Recorded data: Begin
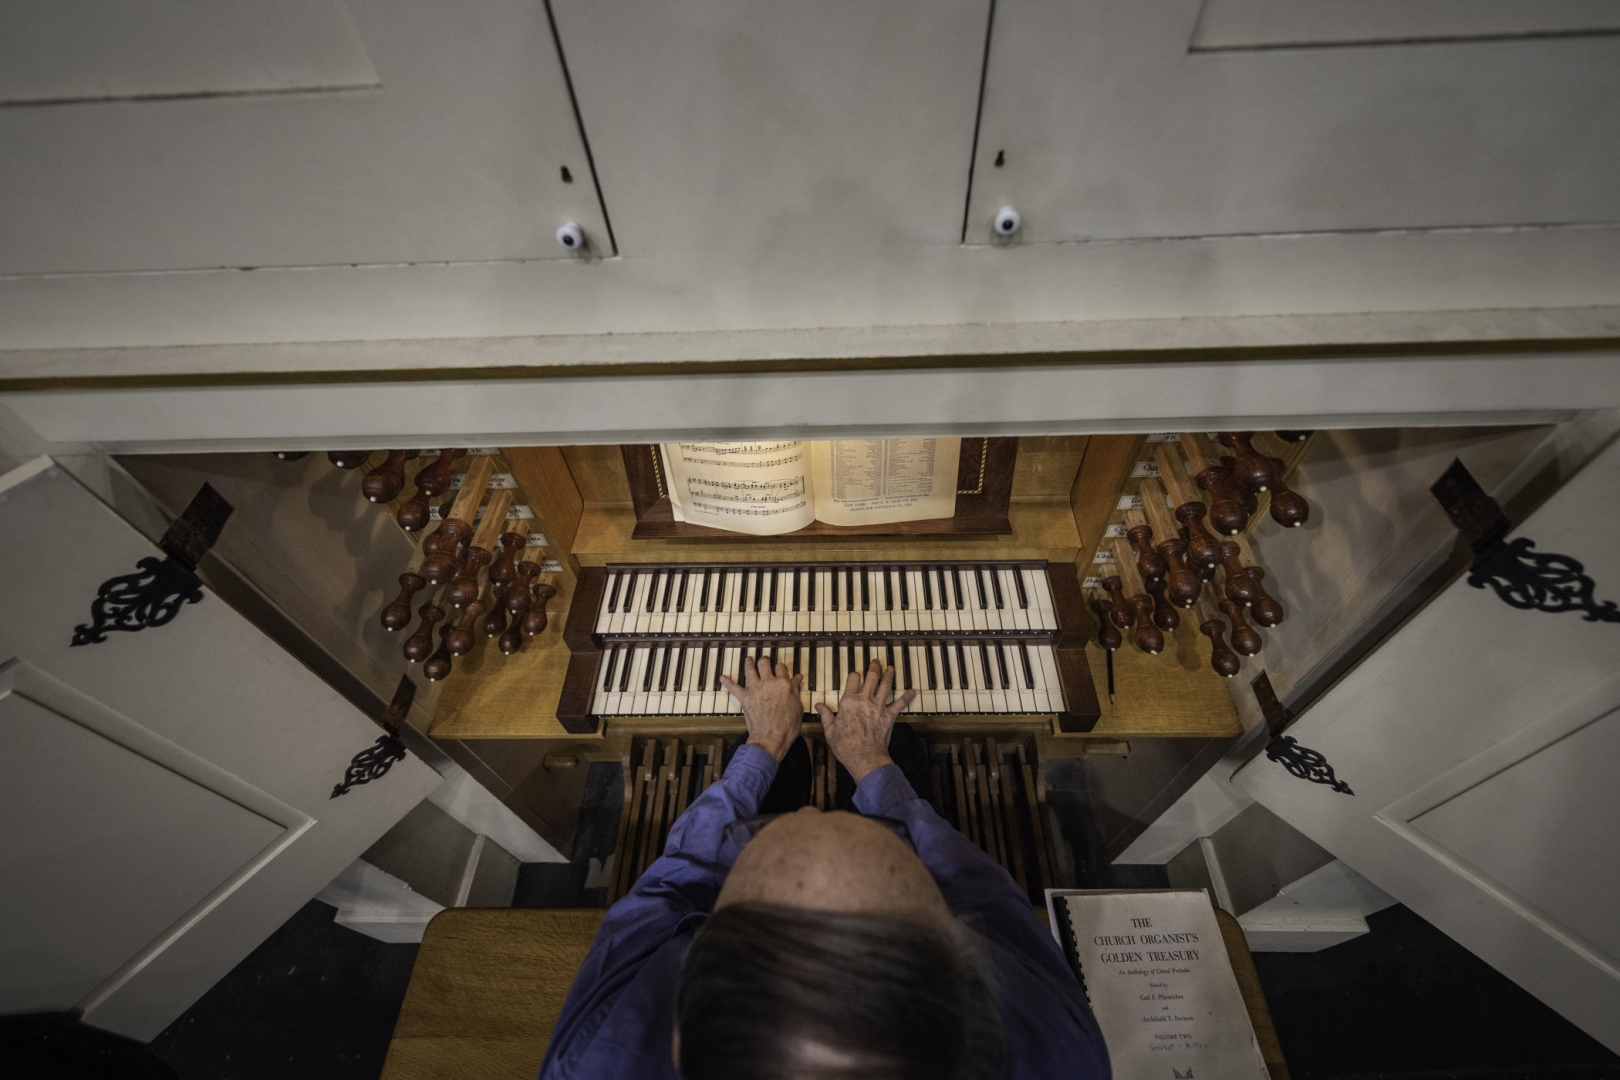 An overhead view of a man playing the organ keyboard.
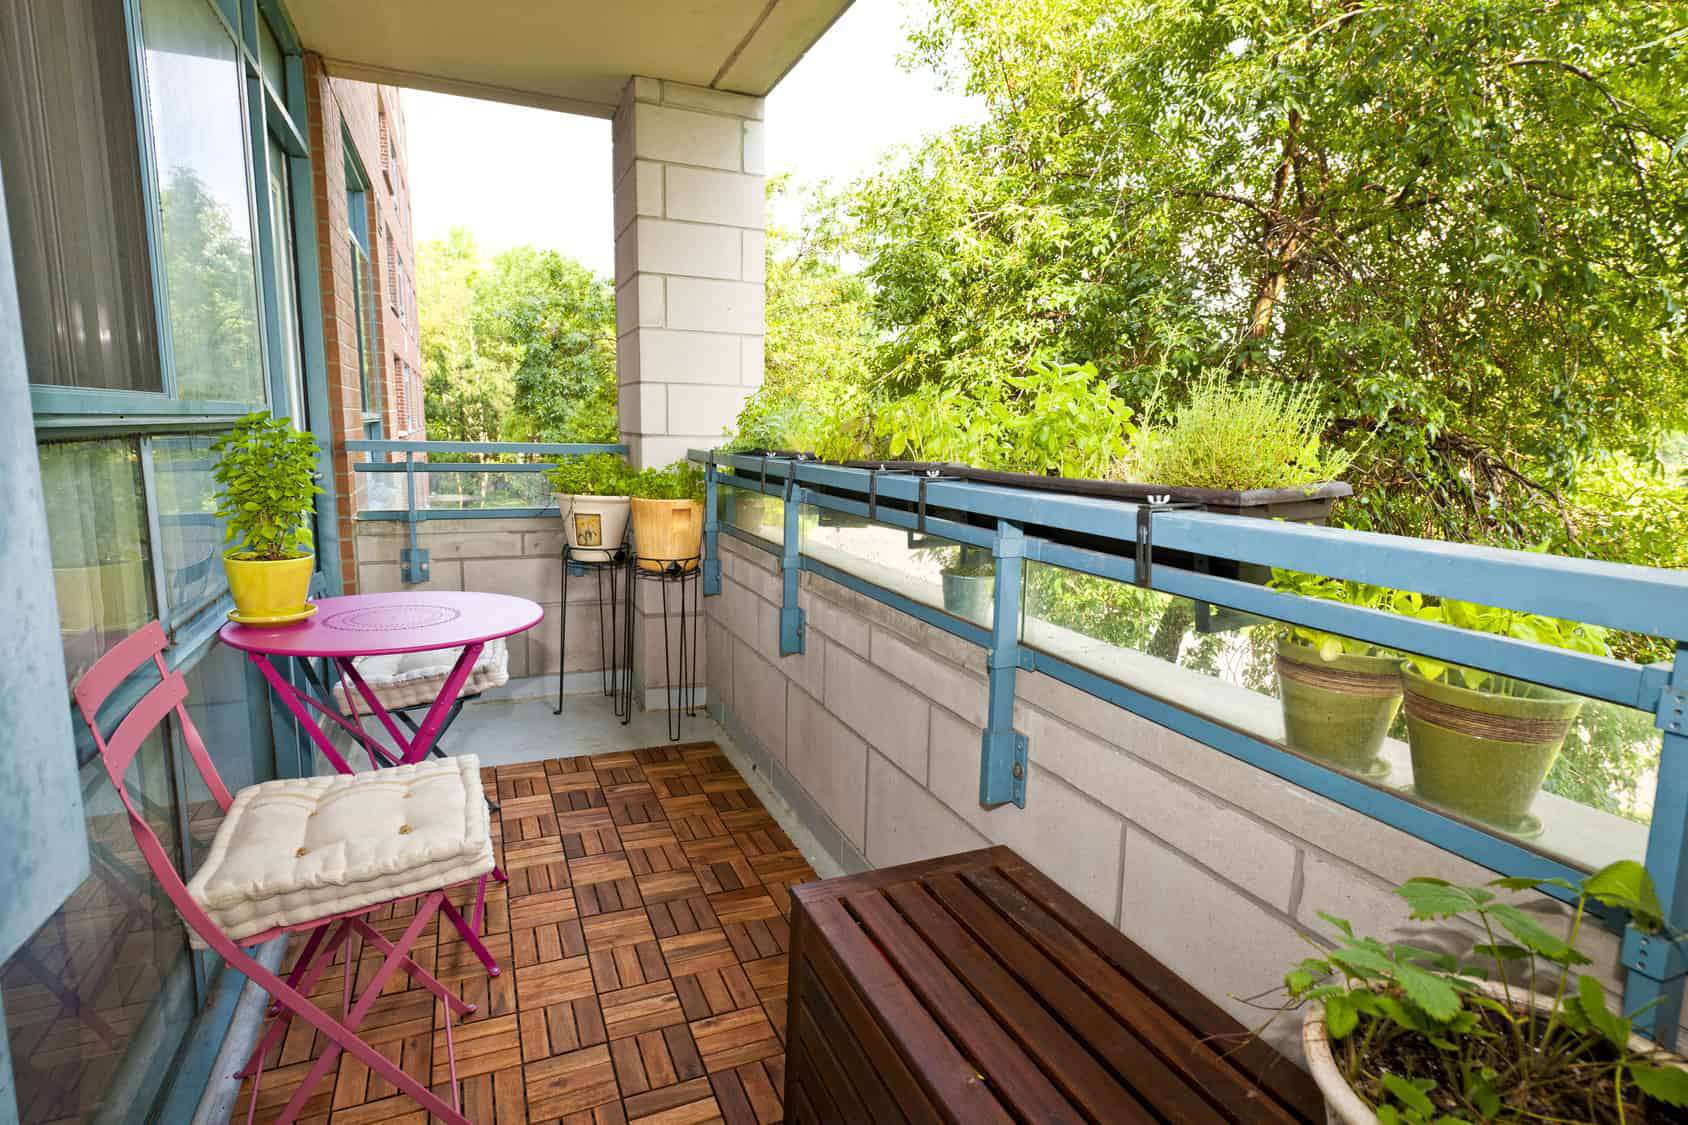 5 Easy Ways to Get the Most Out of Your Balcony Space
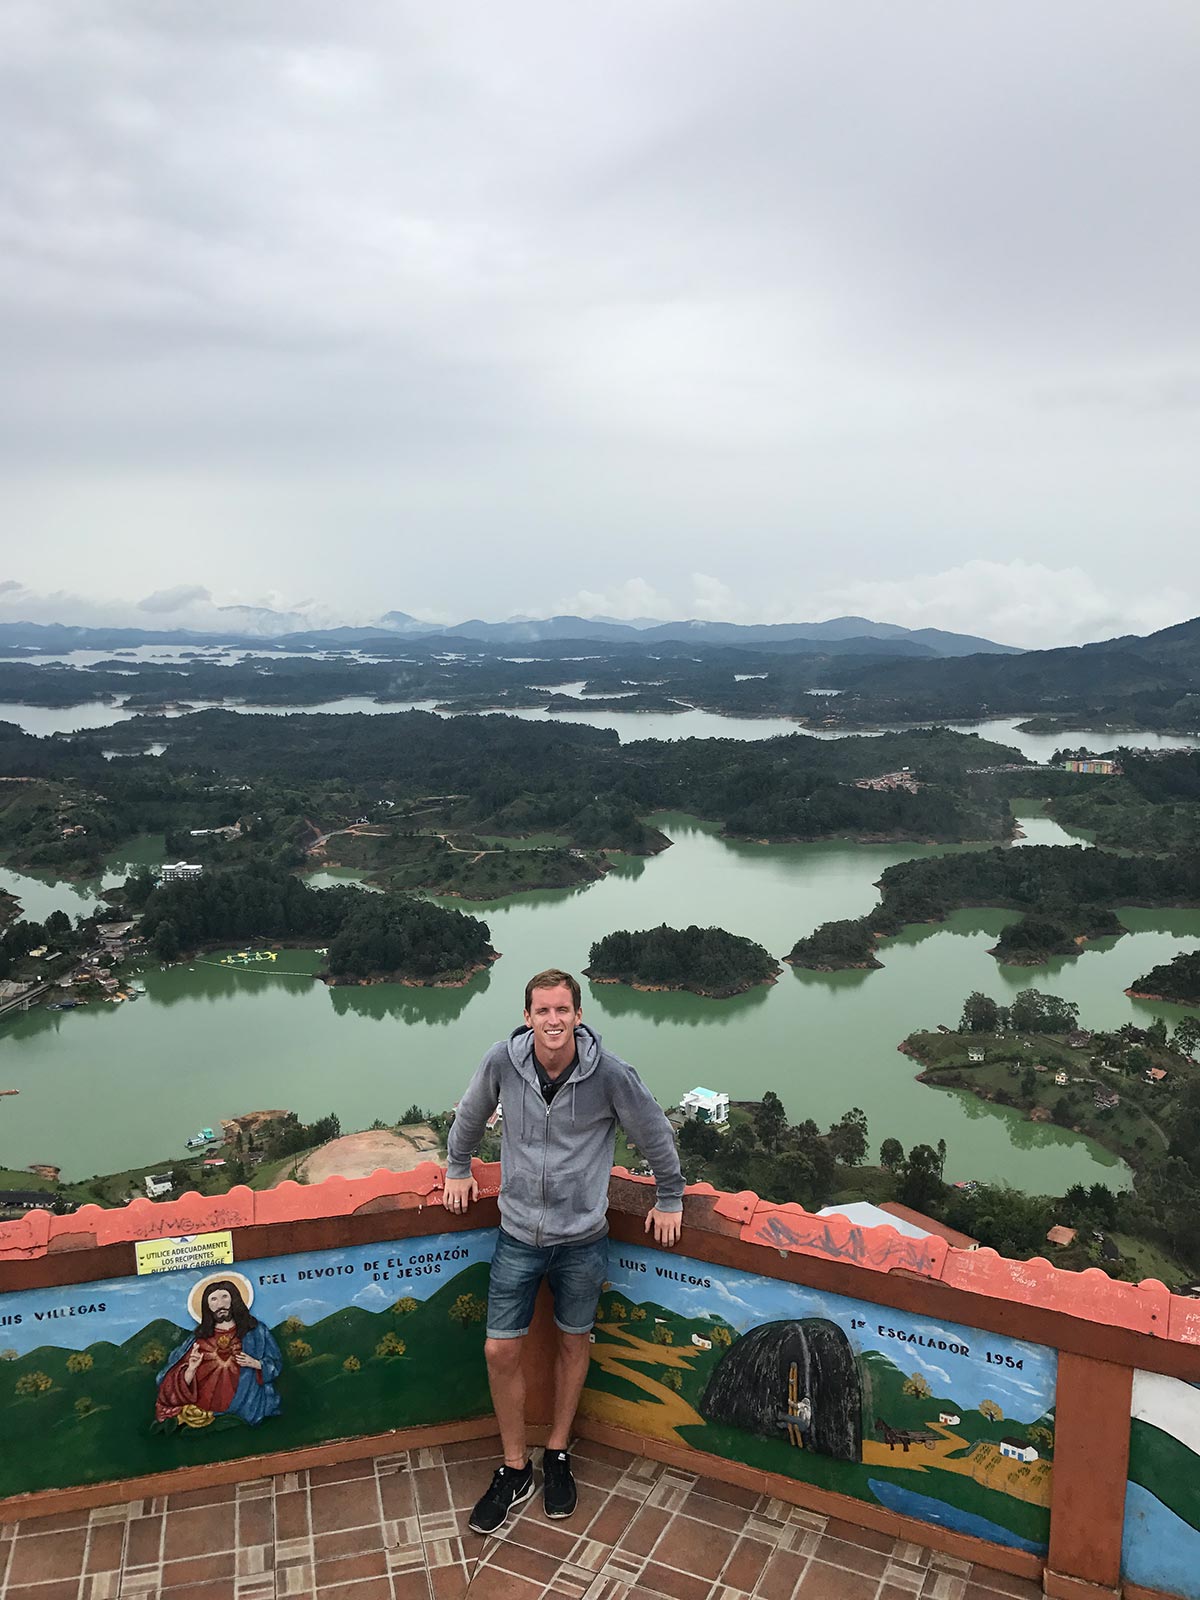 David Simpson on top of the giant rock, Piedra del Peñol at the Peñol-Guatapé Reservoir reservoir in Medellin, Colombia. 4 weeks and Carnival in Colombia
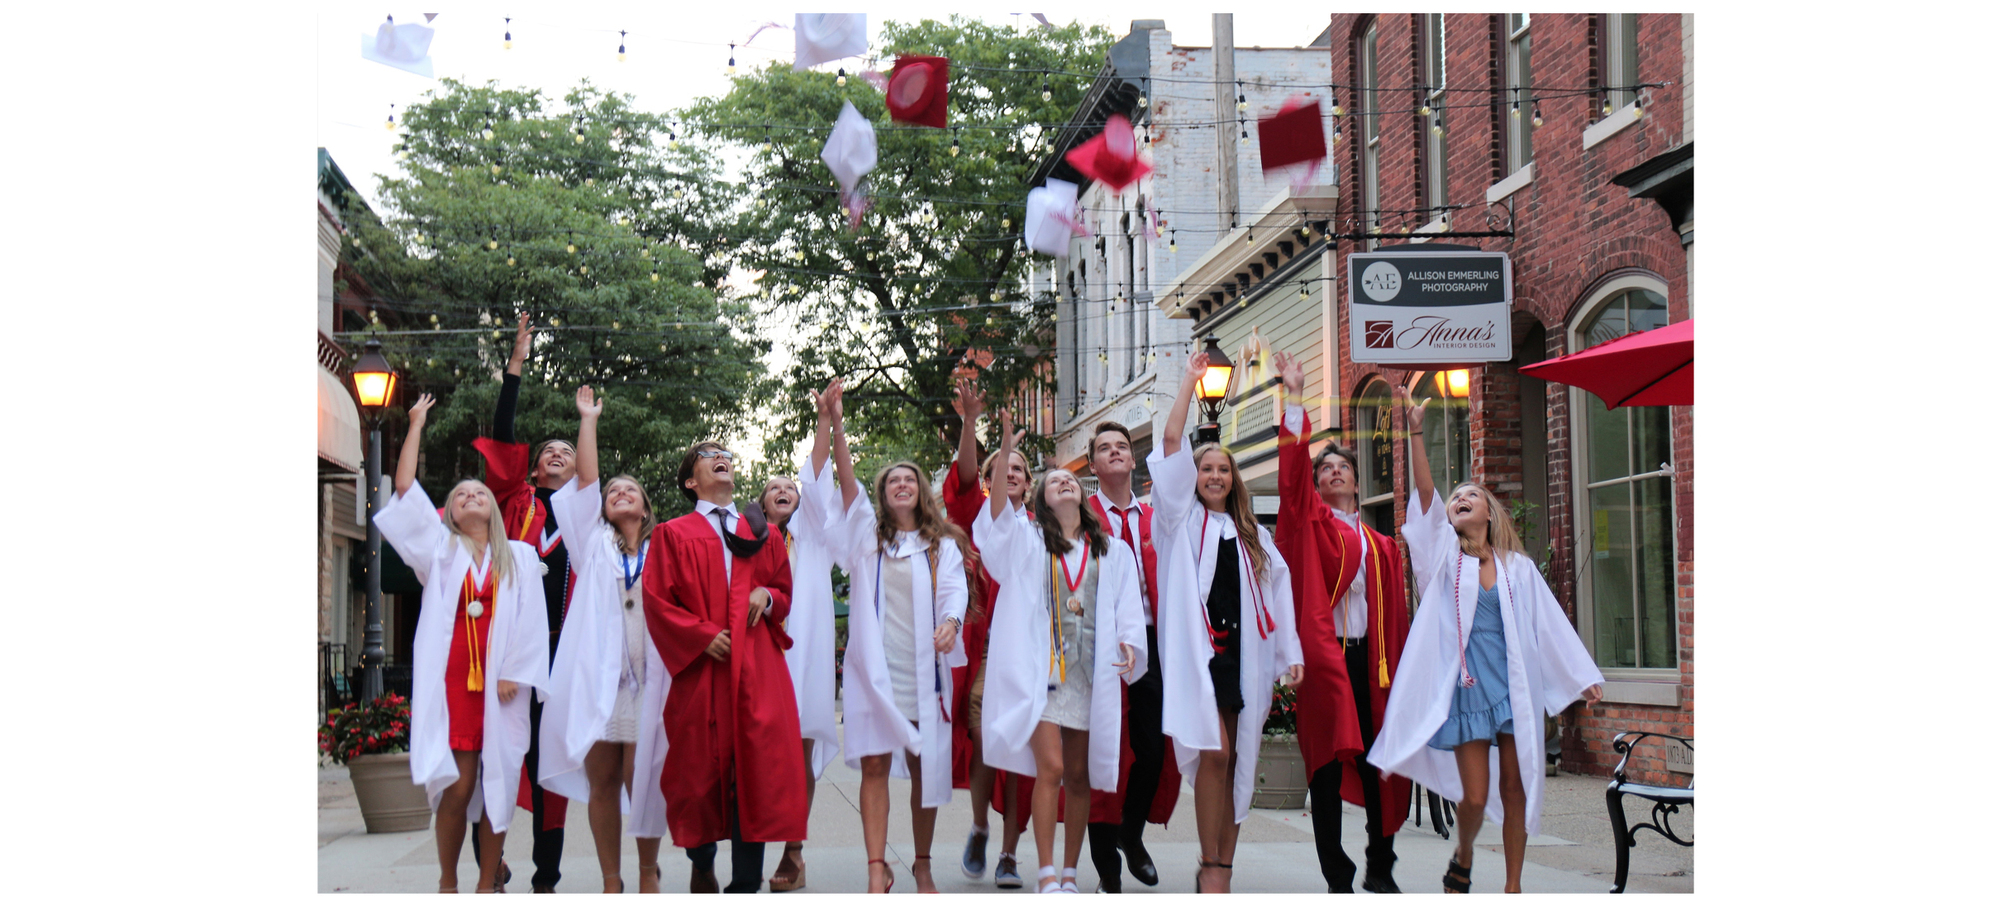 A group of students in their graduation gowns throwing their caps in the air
Recorded data: End
### The task
Transcribe the material above in full. No picture is to be copied.

### Answer box
 An overhead view of a man playing the organ keyboard.
 5 Easy Ways to Get the Most Out of Your Balcony Space
 David Simpson on top of the giant rock, Piedra del Peñol at the Peñol-Guatapé Reservoir reservoir in Medellin, Colombia. 4 weeks and Carnival in Colombia
 A group of students in their graduation gowns throwing their caps in the air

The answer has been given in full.